If you transform your data to get it to assume a normal distribution, any analyses done on it
will need to be “untransformed” to be interpreted. For example, if you have a data set of patients
with different lengths of stay in a hospital, you will likely have skewed data. If you log-transform
these data so that they are normally distributed, then generate statistics (like calculate a mean),
you will need to do an inverse log transformation on the result before you interpret it.
But sometimes your data are not normally distributed, and for whatever reason, you give up on trying
to do a parametric test. Maybe you can’t find a good transformation for your data, or maybe you don’t
want to have to undo the transformation in order to do your interpretation, or maybe you simply have
too small of a sample size to be able to perceive a clear parametric distribution when you make a
histogram. Fortunately, statisticians have developed other tests that you can use that are not based on
the assumption your data are normally distributed, or have any parametric distribution. Unsurprisingly,
these are called nonparametric tests. Most of the common classic parametric tests have nonparametric
counterparts you can use as an alternative. As you may expect, the most widely known and commonly
used nonparametric tests are those that correspond to the most widely known and commonly used
classical tests. Some of these are shown in Table 3-2.
TABLE 3-2 Nonparametric Counterparts of Classic Tests
Classic Parametric Test
Nonparametric Equivalent
One-group or paired Student t test (see Chapter 11) Wilcoxon Signed-Ranks test
Two-group Student t test (see Chapter 11)
Mann-Whitney U test
One-way ANOVA (see Chapter 11)
Kruskal-Wallis test
Pearson Correlation test (see Chapter 15)
Spearman Rank Correlation test
Most nonparametric tests involve first sorting your data values, from lowest to highest, and recording
the rank of each measurement.

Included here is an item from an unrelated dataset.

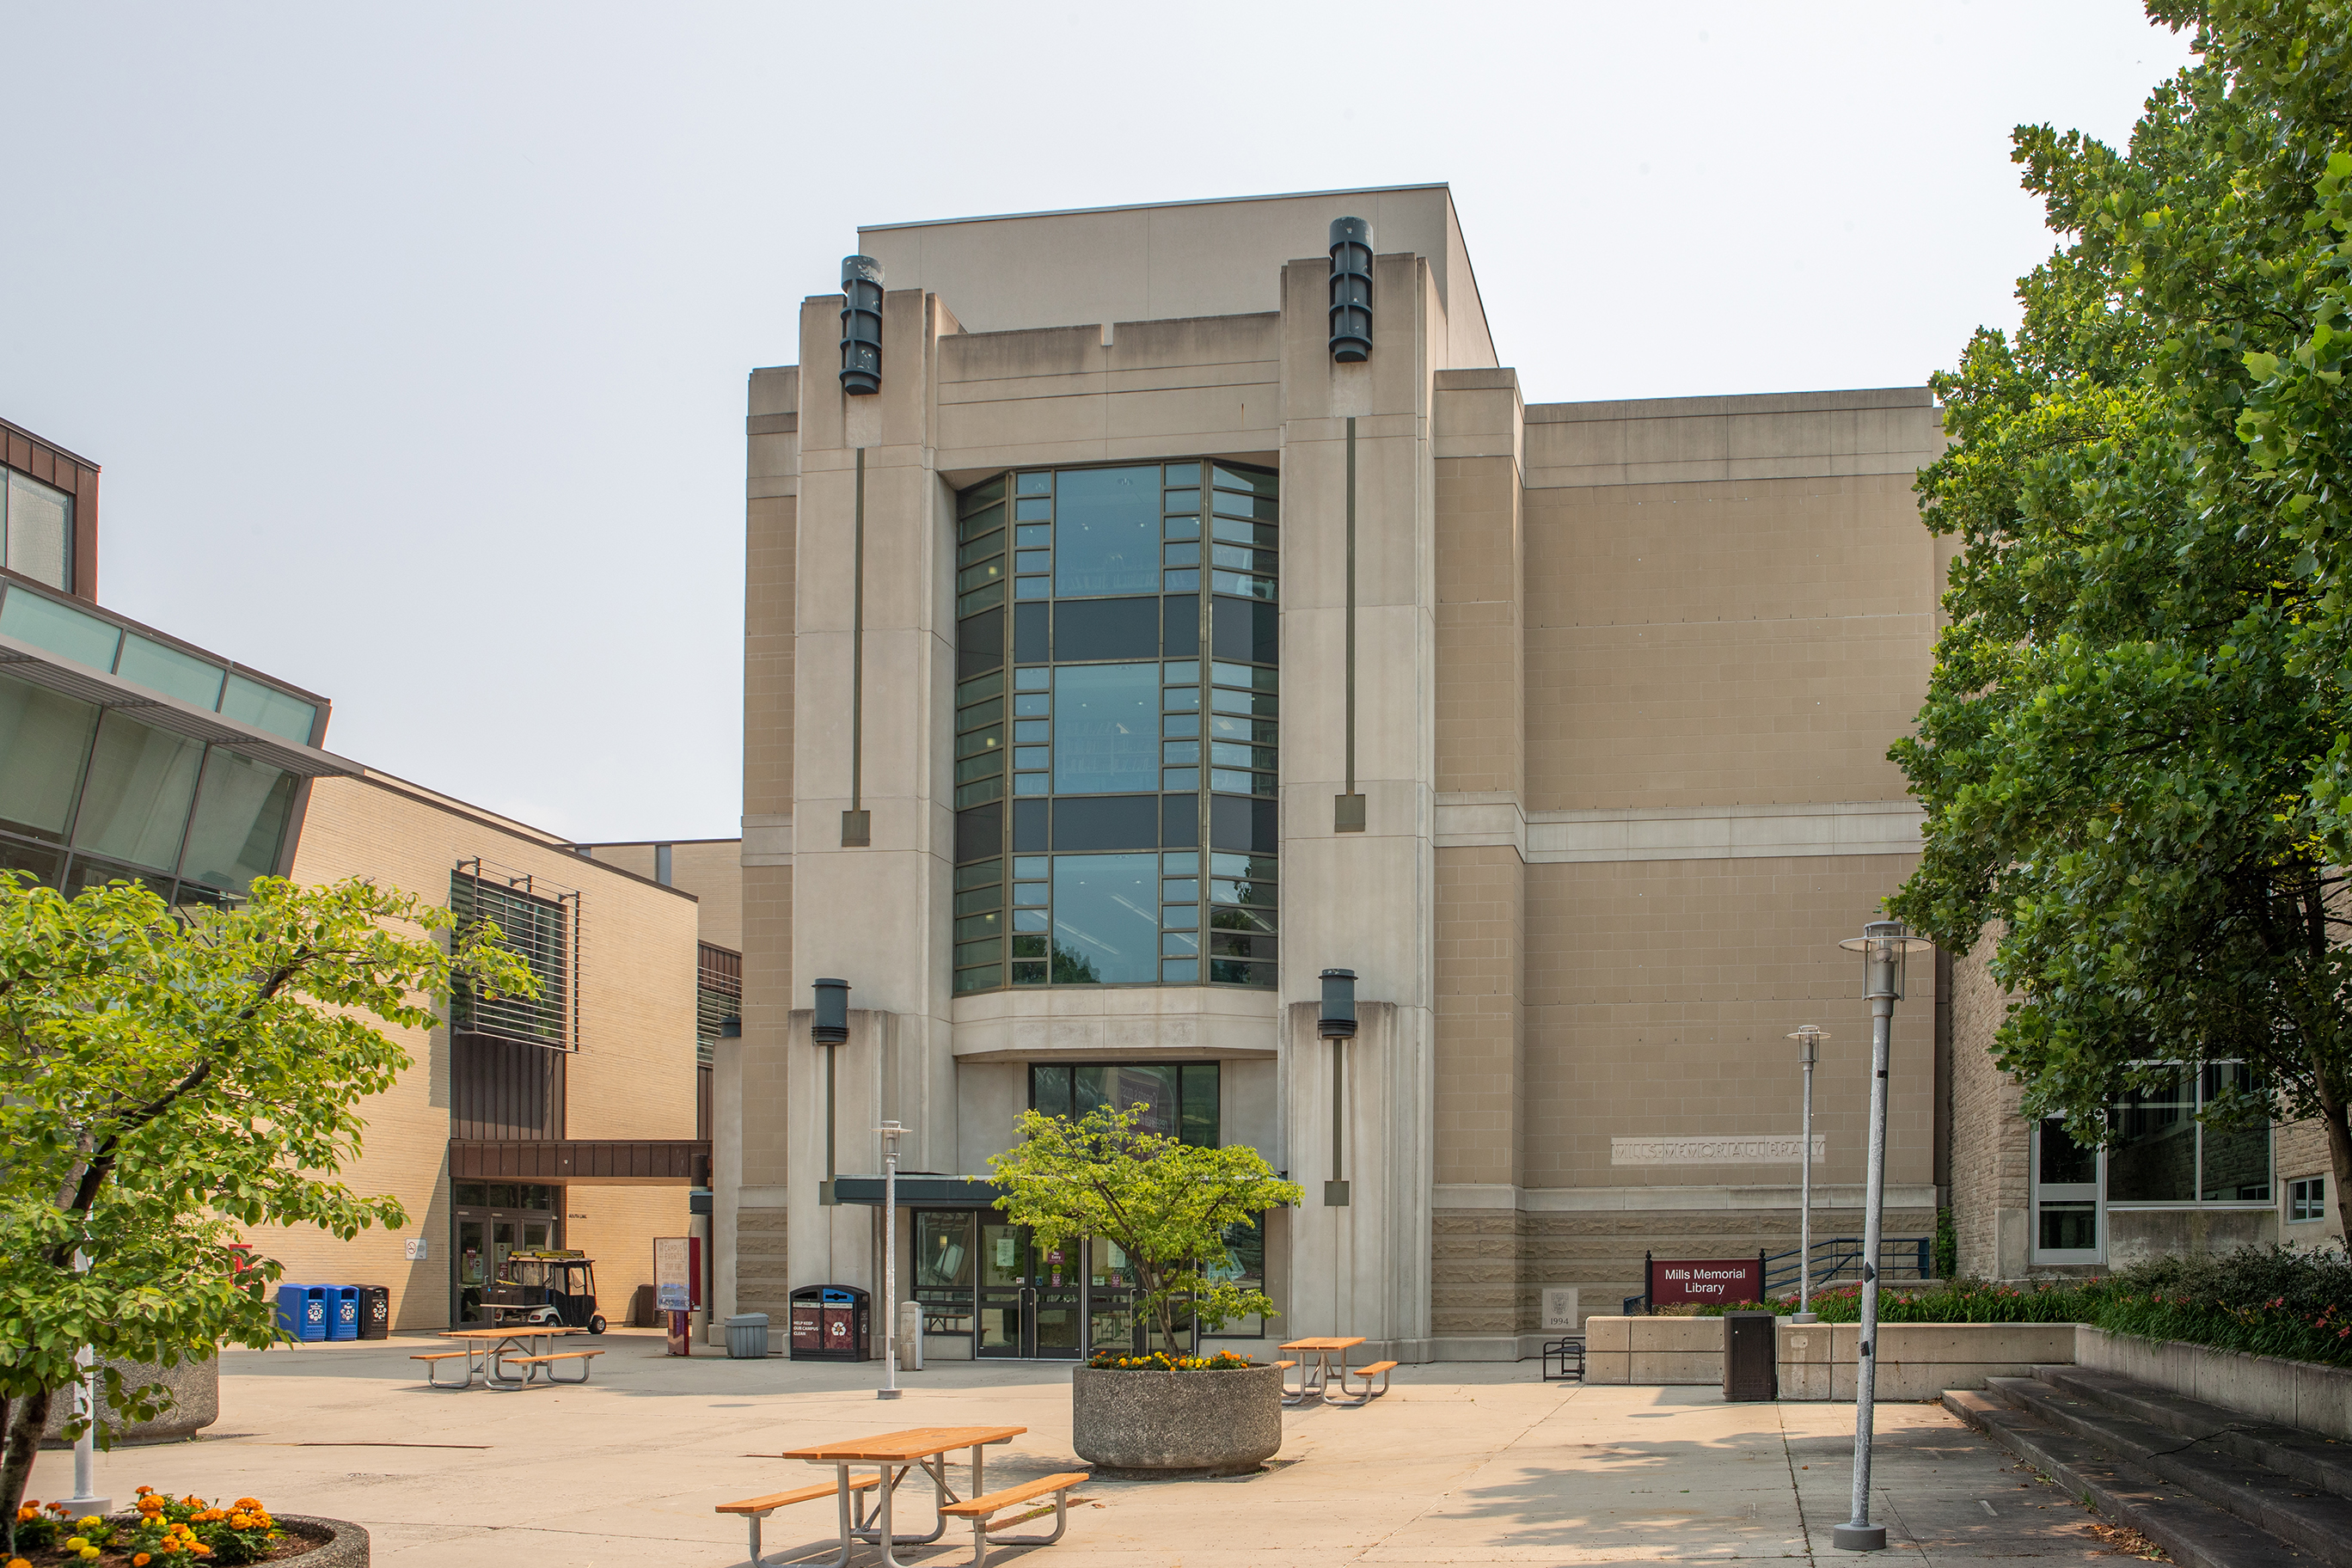 Mills Memorial Library in summer can been seen.

Ranks are like class ranks in school, where the person with the highest
grade point average (GPA) is ranked number 1, and the person with the next highest GPA is ranked
number 2 and so on. Ranking forces each individual to be separated from the next by one unit of rank.
In data, the lowest value has a rank of 1, the next highest value has a rank of 2, and so on. All
subsequent calculations are done with these ranks rather than with the actual data values. However,
using ranks instead of the actual data loses information, so you should avoid using nonparametric tests
if your data qualify for parametric methods.

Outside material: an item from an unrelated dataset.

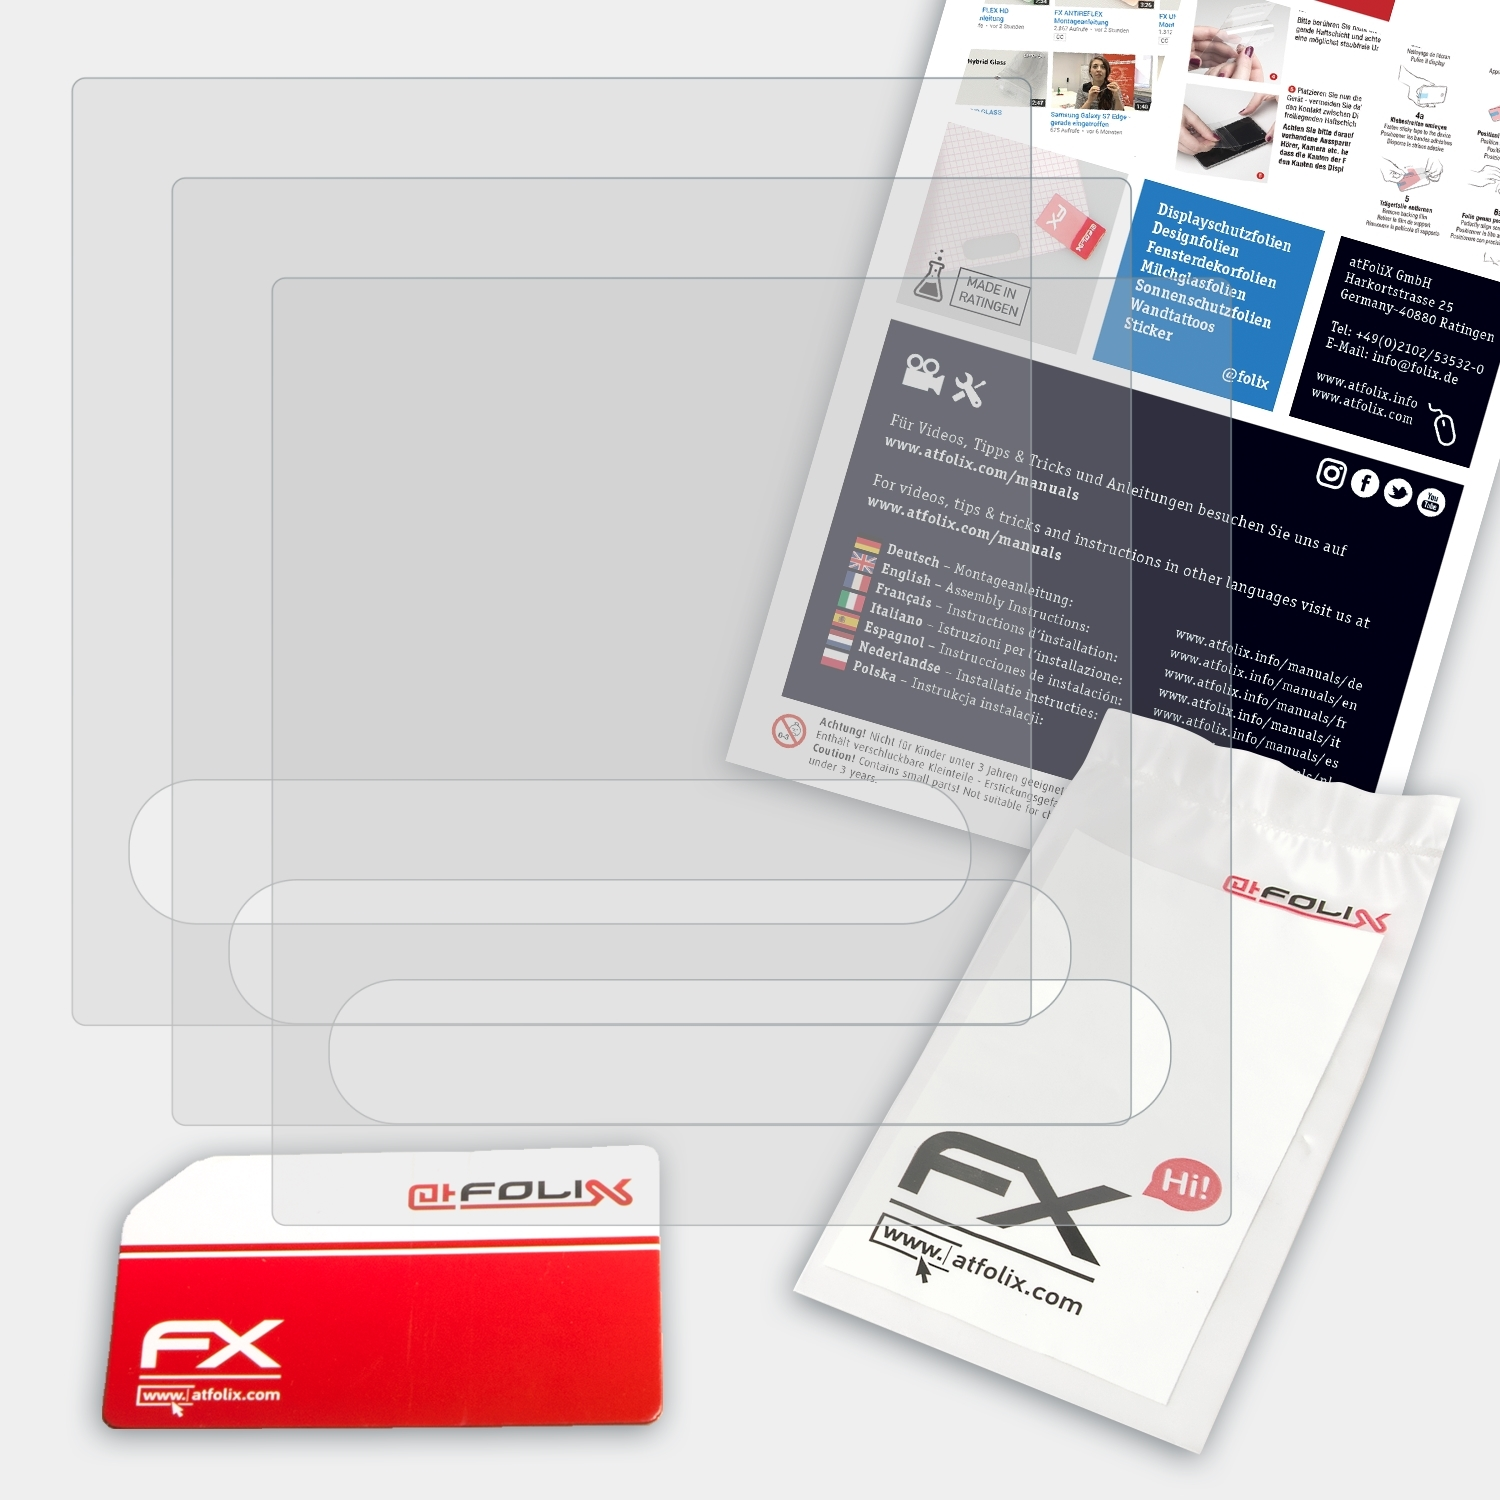 ATFOLIX 3x FX-Antireflex Medion E85032 (MD87248)) Displayschutz(für

Although nonparametric tests don’t assume normality, they do make certain assumptions about your
data. For example, many nonparametric tests assume that you don’t have any tied values in your data
set (in other words, no two participants have exactly the same values). Most parametric tests
incorporate adjustments for the presence of ties, but this weakens the test and makes the results less
exact.
Even in descriptive statistics, the common parameters have nonparametric counterparts.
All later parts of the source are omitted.